The Crack In The Teacup
Barhaven is on the south coast within commuting distance from London. It is, however, a fairly sleepy place and it seems incredulous that it could be the kind of town where the local councillors could manage to line their own pockets. However, there is something odd about the borough engineers behaviour, and it seems strange that the owner of the local amusement park is unknown, and the Town Clerk himself is acting peculiarly. Enter a young lawyer, who finds himself at the centre of a major campaign against racketeering. The public and the press become involved and it ends with a twist that is totally unexpected.
Death Has Deep Roots
This is a detective and trial story with a complicated plot that will grip the reader. Victoria Lamartine is on trial for the murder of her supposed lover, whom she is accused of having stabbed. There are only five suspects including Lamartine. But evidence that doesn’t fit the police theory of the crime has been ignored, whilst all of the damming evidence is presented in isolation. Intriguingly, whilst the murder was committed in England, all of the suspects somehow have a past connection with France and its wartime underground.
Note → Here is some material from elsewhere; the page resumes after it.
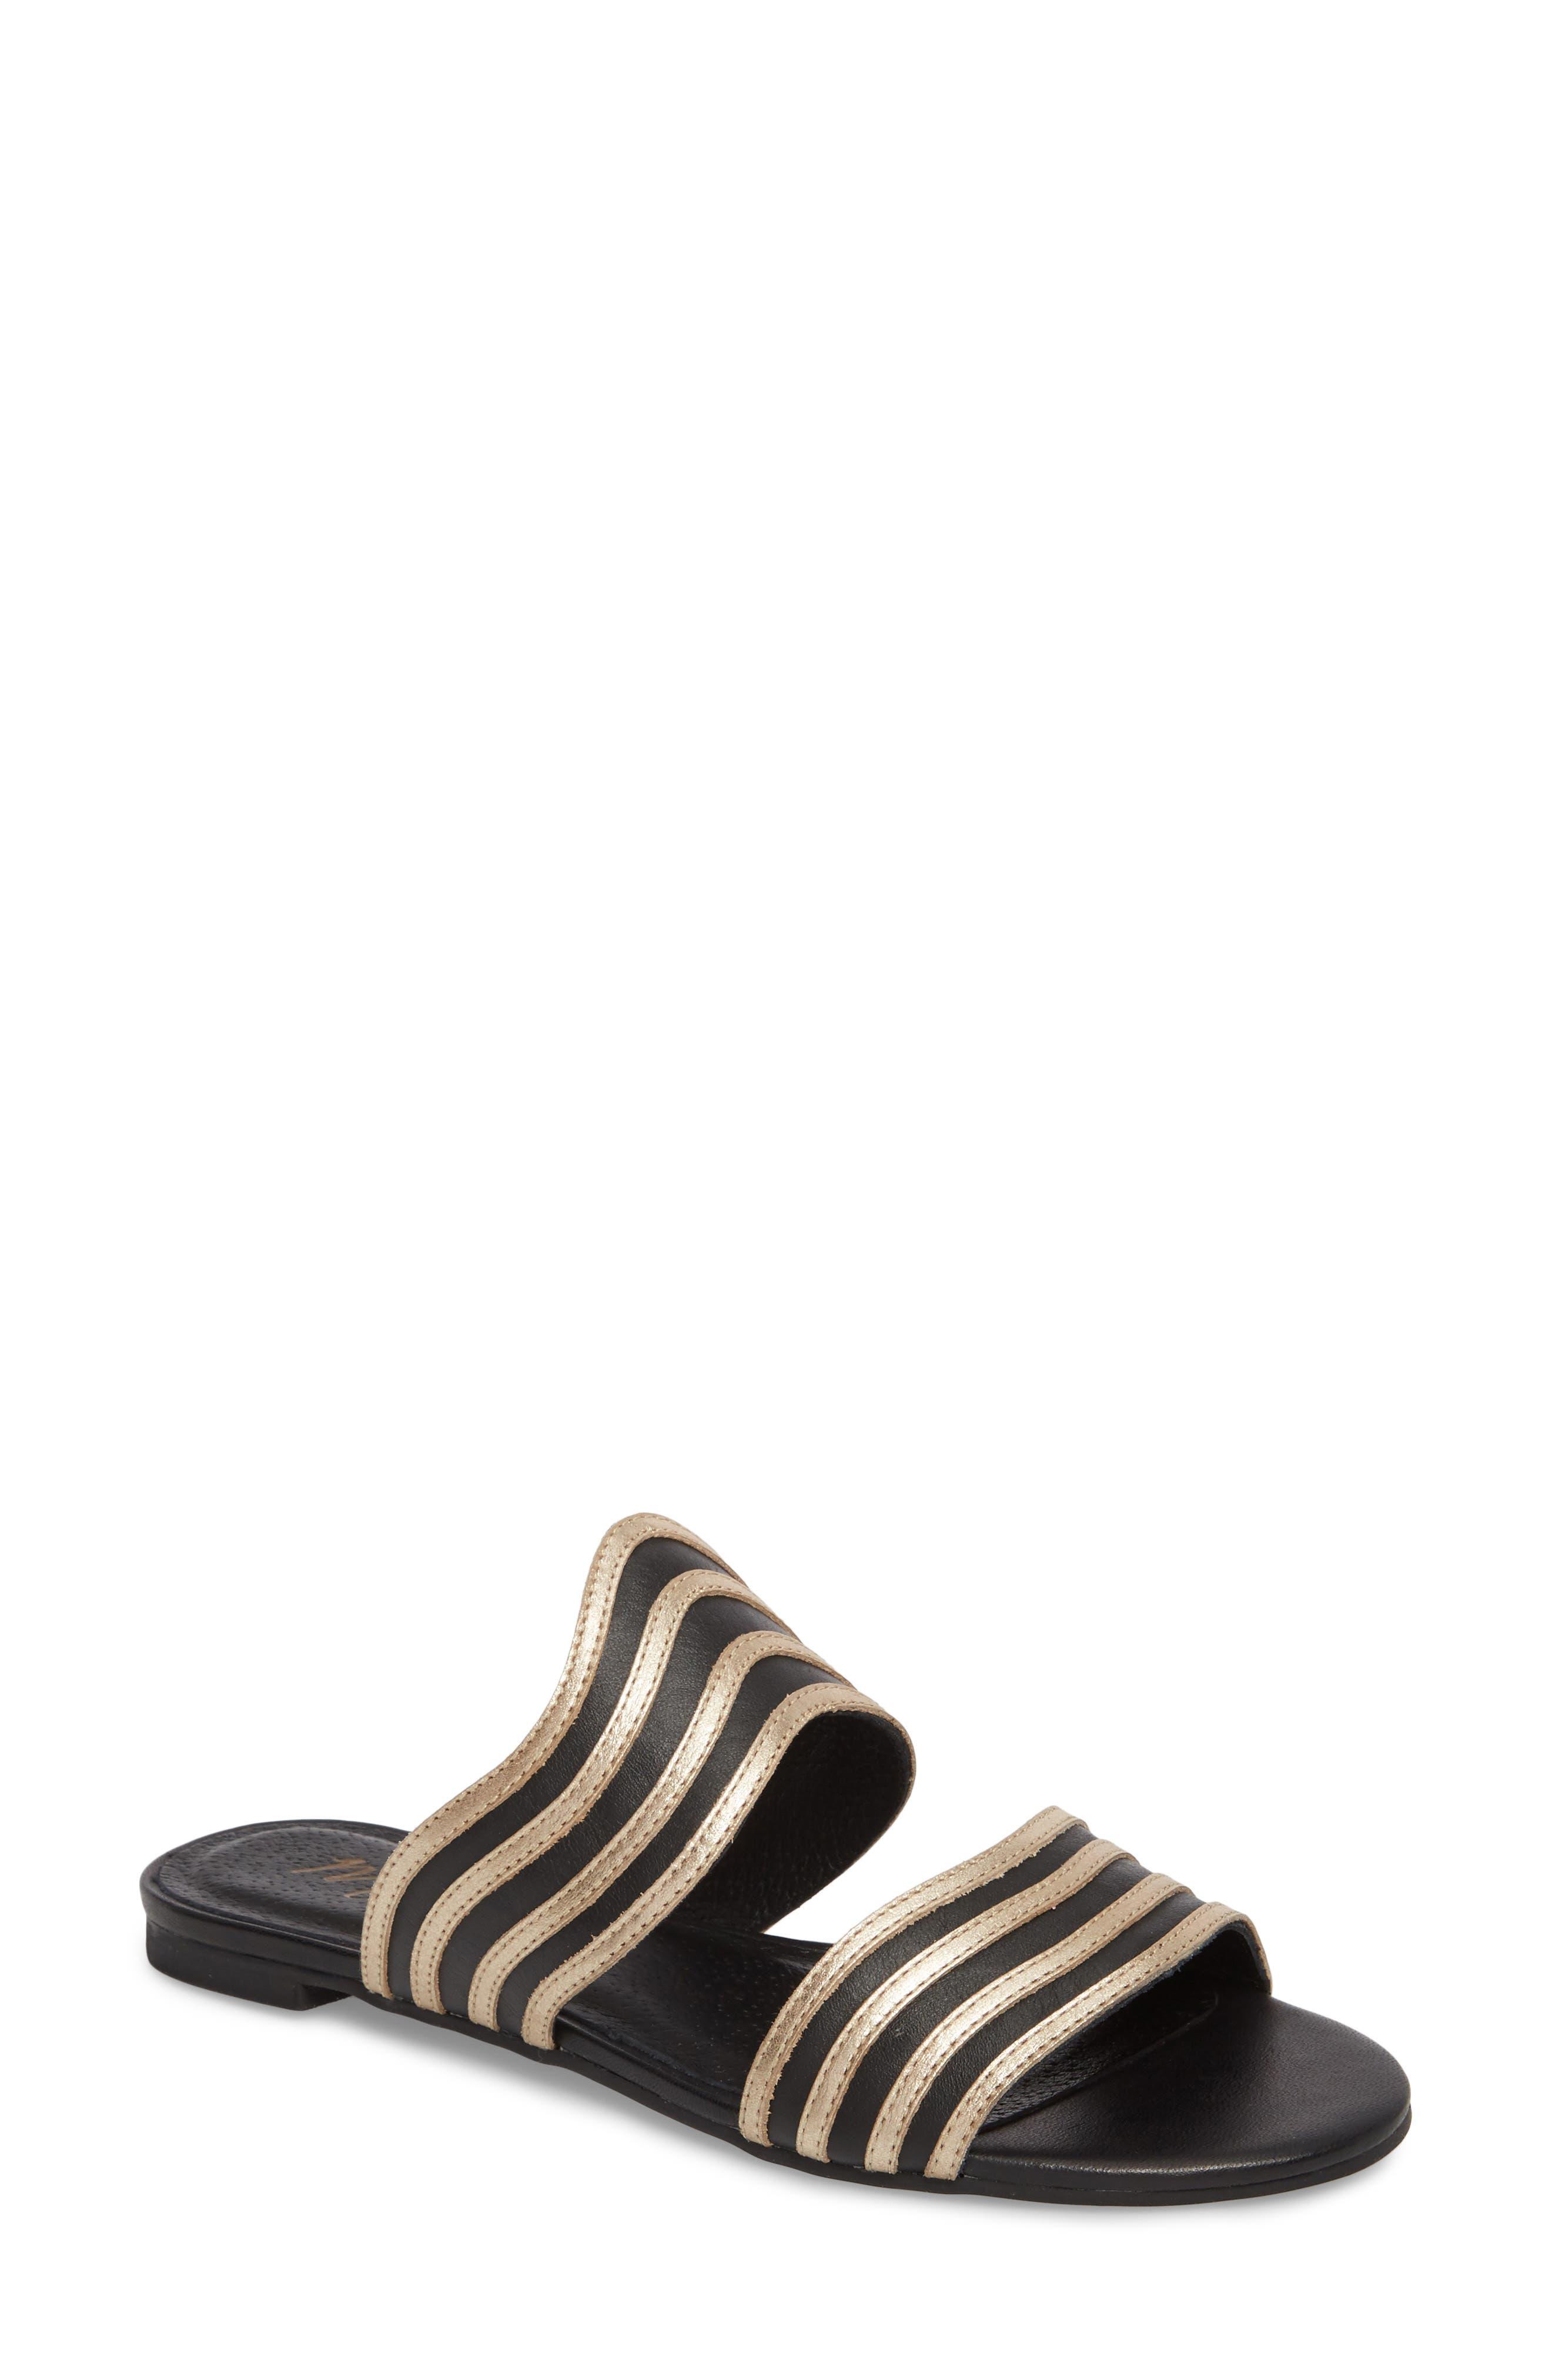 Matisse Women's Russo Slide Sandal a1DMVX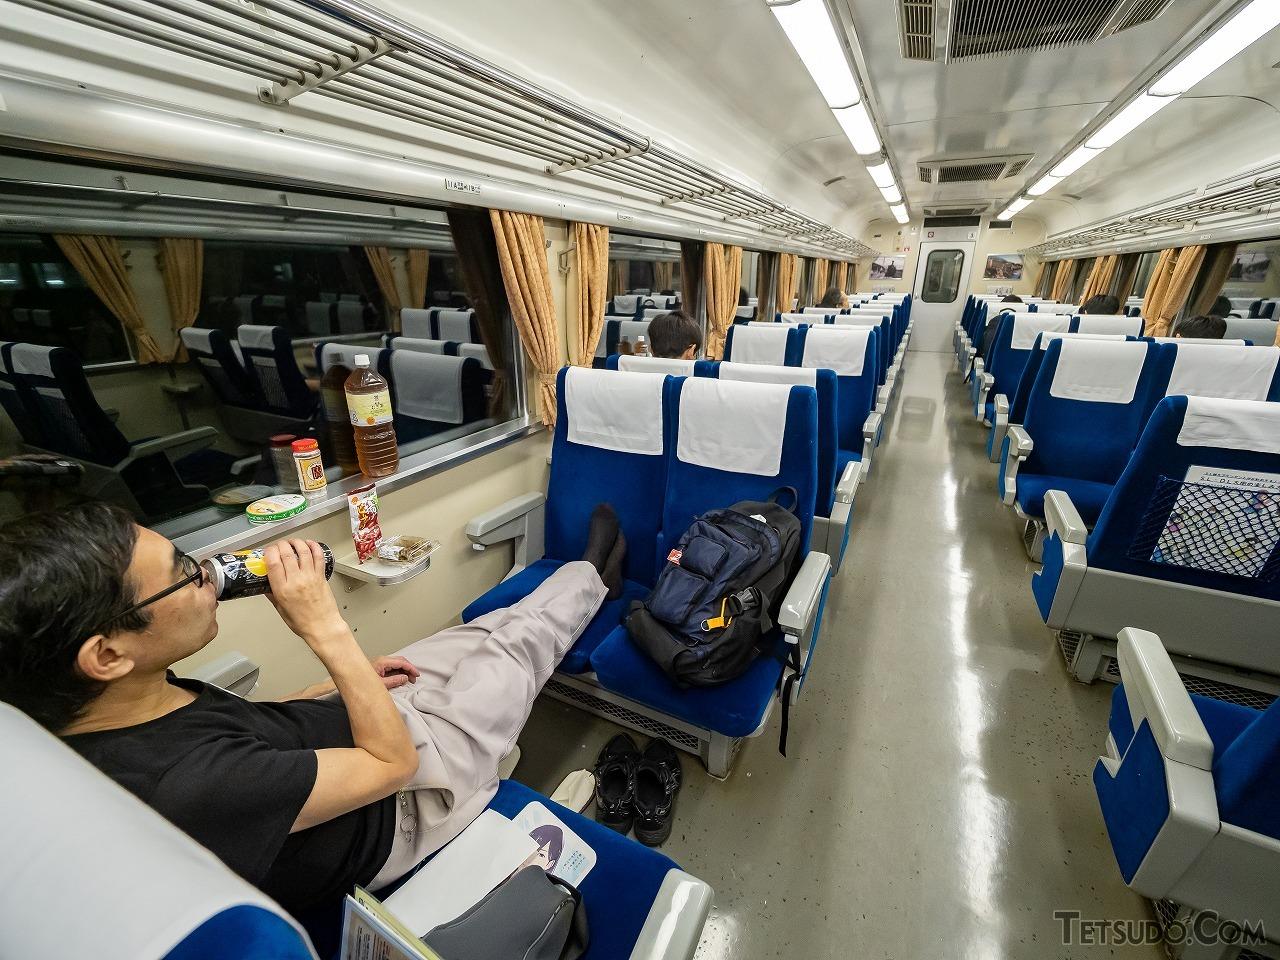 国鉄時代の夜行急行列車といえばこの光景。横浜から来たというレールファンの男性は、事前にチューハイや焼酎、チーズなどを買い込み、夜行列車の旅を満喫していました

However, there now appears to be links to gold smuggling and it is not immediately clear how all of the different pieces of evidence fit together. As always, Gilbert neatly takes the reader to a satisfying final twist and conclusion.
Death In Captivity
A suspected informer is found dead in a collapsed section of an escape tunnel being dug in a prisoner-of-war camp in Italy. So as to protect the tunnel the prisoners decide to move the body to another that has already been abandoned. But then the fascist captors declare the death to be murder and determine to investigate and execute the officer they suspect was responsible. It therefore becomes a race against time to find the true culprit and Captain Henry "Cuckoo" Goyles, a former headmaster, master tunneller and sometime amateur detective takes on the case.